Но если Стравинского вдохновил на создание "Похождения повесы" потрясший его воображение цикл гравюр английского художника XVIII века Уильяма Хогарта, с жаром протестантской проповеди описавшего судьбу порочного молодого человека, картежника и мота, опустившегося на дно и окончившего жизнь в клинике для психически больных, то в спектакле Бертмана эта линия декаданса героя развернулась в красочное действо на тему разменянных на дешевые фейки ценностей человеческой жизни. Его Том в спектакле поддался всем возможным искушениям, всем человеческим порокам, всем соблазнам социума - славе, деньгам, продажному браку, променяв на это чистую любовь Энн. И в результате остался ни с чем - одинокий, с ожившими в его больном мозгу "гномами" из тех идиллических времен, когда он был еще вместе с Энн, крепко вцепившийся в прутья своей клетки в Бедламе, окруженный бессмысленной толпой гномов в длинных эльфиных колпаках, поющих умиротворяющую песнь.
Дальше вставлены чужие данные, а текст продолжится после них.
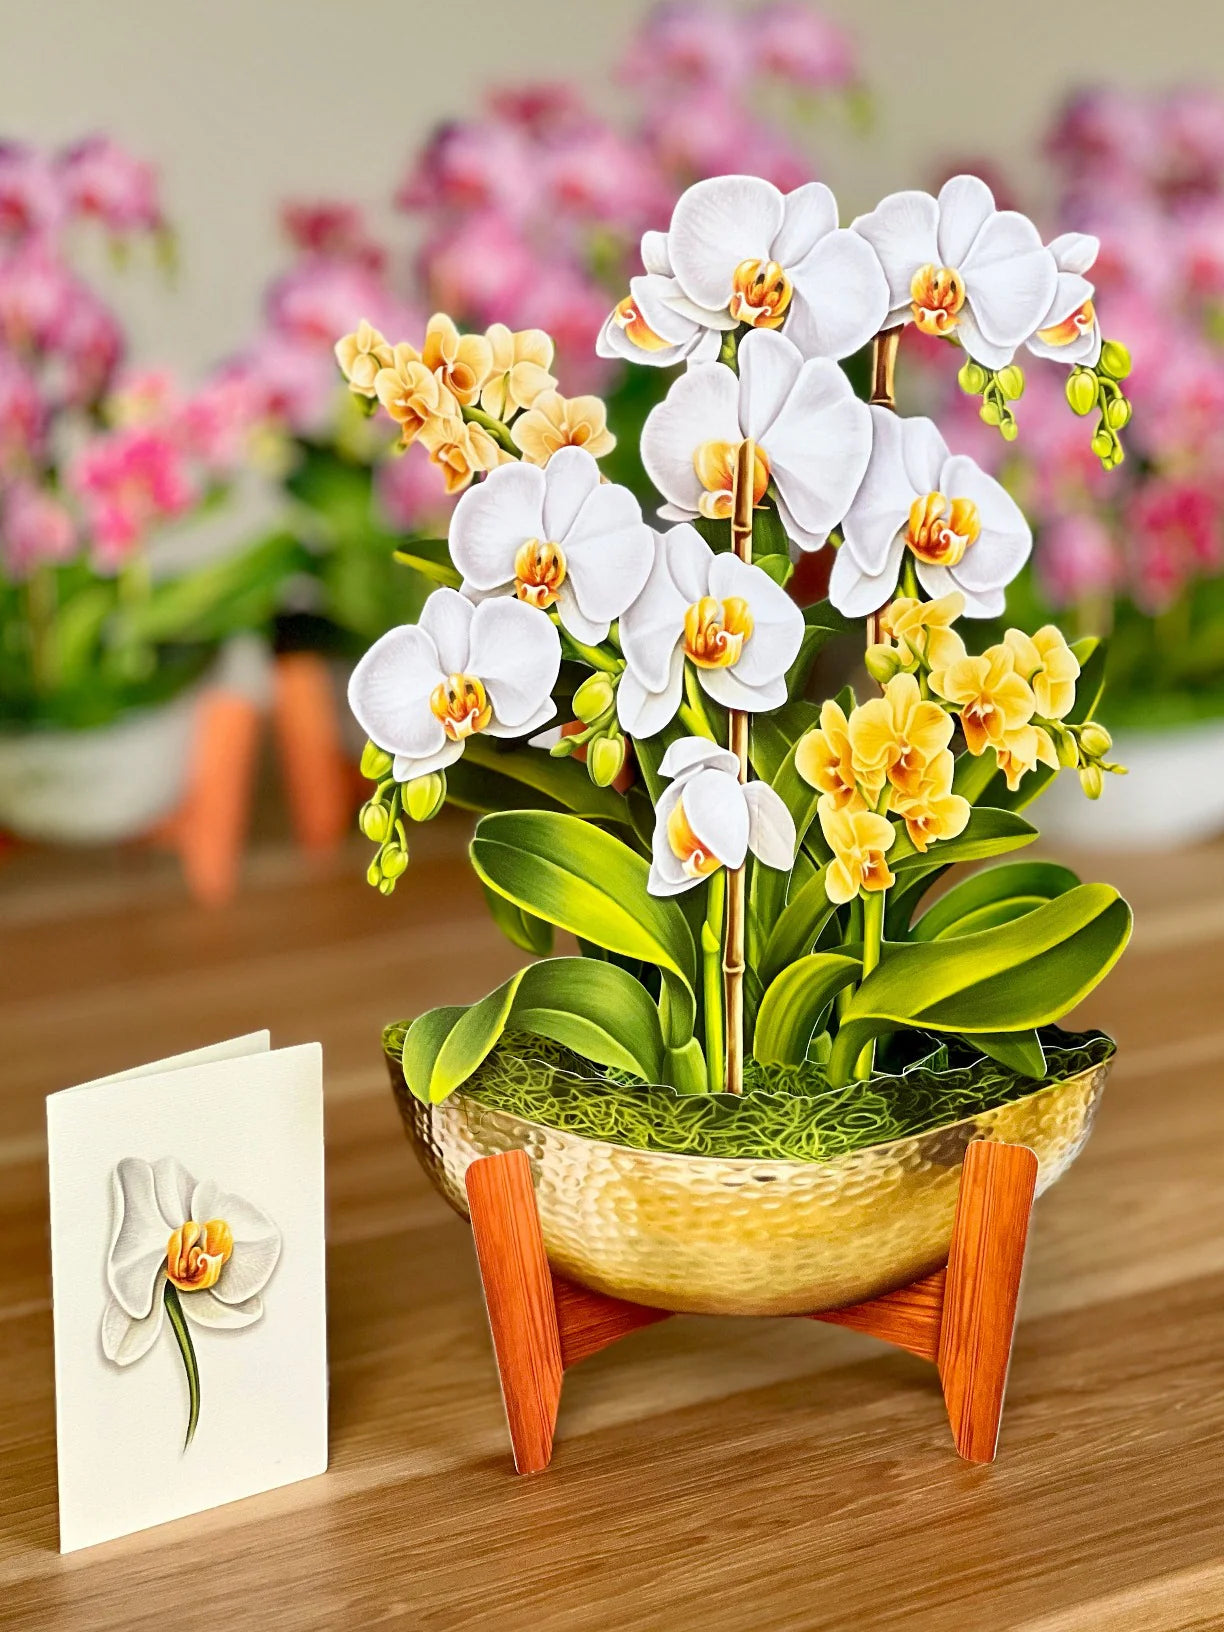 Serenity Orchid Pop Up Flower Bouquet Greeting Card

И этот путь Тома к безумию оказался не менее страшным, чем шокировавшие когда-то Стравинского хогартовские гравюры, осуждавшие порок с позиций христианской морали. В спектакле же, соединившем тему порочной личности Тома с фаустианской метафизикой, сам путь деградации героя приобрел дополнительные обертоны противостояния его Нику Шэдоу (Мефистофелю). Их диалоги приобрели блестящую сценическую форму: речитативы под чембало - музицирующий на "клавишах душ" демон, развалившийся на крышке инструмента, как на гробе, в который должен угодить его жертва Том. В эту же коллизию вписывался их метафизический торг при свечах и страстная ария Тома у свежевырытой могилы "Любовь пришла меня спасать", когда ему в образе ангела явилась Энн, чтобы Том смог отыграть у дьявола в карты свою душу. Том с помощью Энн отыграл ее. И Ник Шэдоу, схвативший мертвой хваткой повесу, как Командор Дон Жуана, провалился в могилу сам. Но что обрел Том? Трепетная, хрупкая Энн в исполнении Ханны Ранталы - отчаянная в своей любви, с невероятным эмоциональным теплом и страстью поющая кабалетту "Да, я иду к нему!", ничего не смогла изменить в его судьбе. Он остался безумцем, запертым в клетке Бедлама, угасающим в бессмысленной стране своих гномов. И это расплата за низменное, за преданную им любовь - его Чистилище.
На миг показалось, что Бертман замкнет спектакль ключом христианской мистерии. Но как бы не так: к рампе из ямы внезапно прорвался дирижер спектакля Эйвинд Гулберг Йенсен и пустился в эксцентричный пляс, выбрасывая коленца и ломая фигуру в наклонах, а оркестр и певцы подхватили его драйв и запели эпилог, резюмирующий совершенно иную суть представленного. Оказалось, что все в мире - театр, всего лишь игра, а пороки людей - от безделья. Мир прекрасен, когда в нем правит любовь и талант. И кто бы мог с этим не согласиться?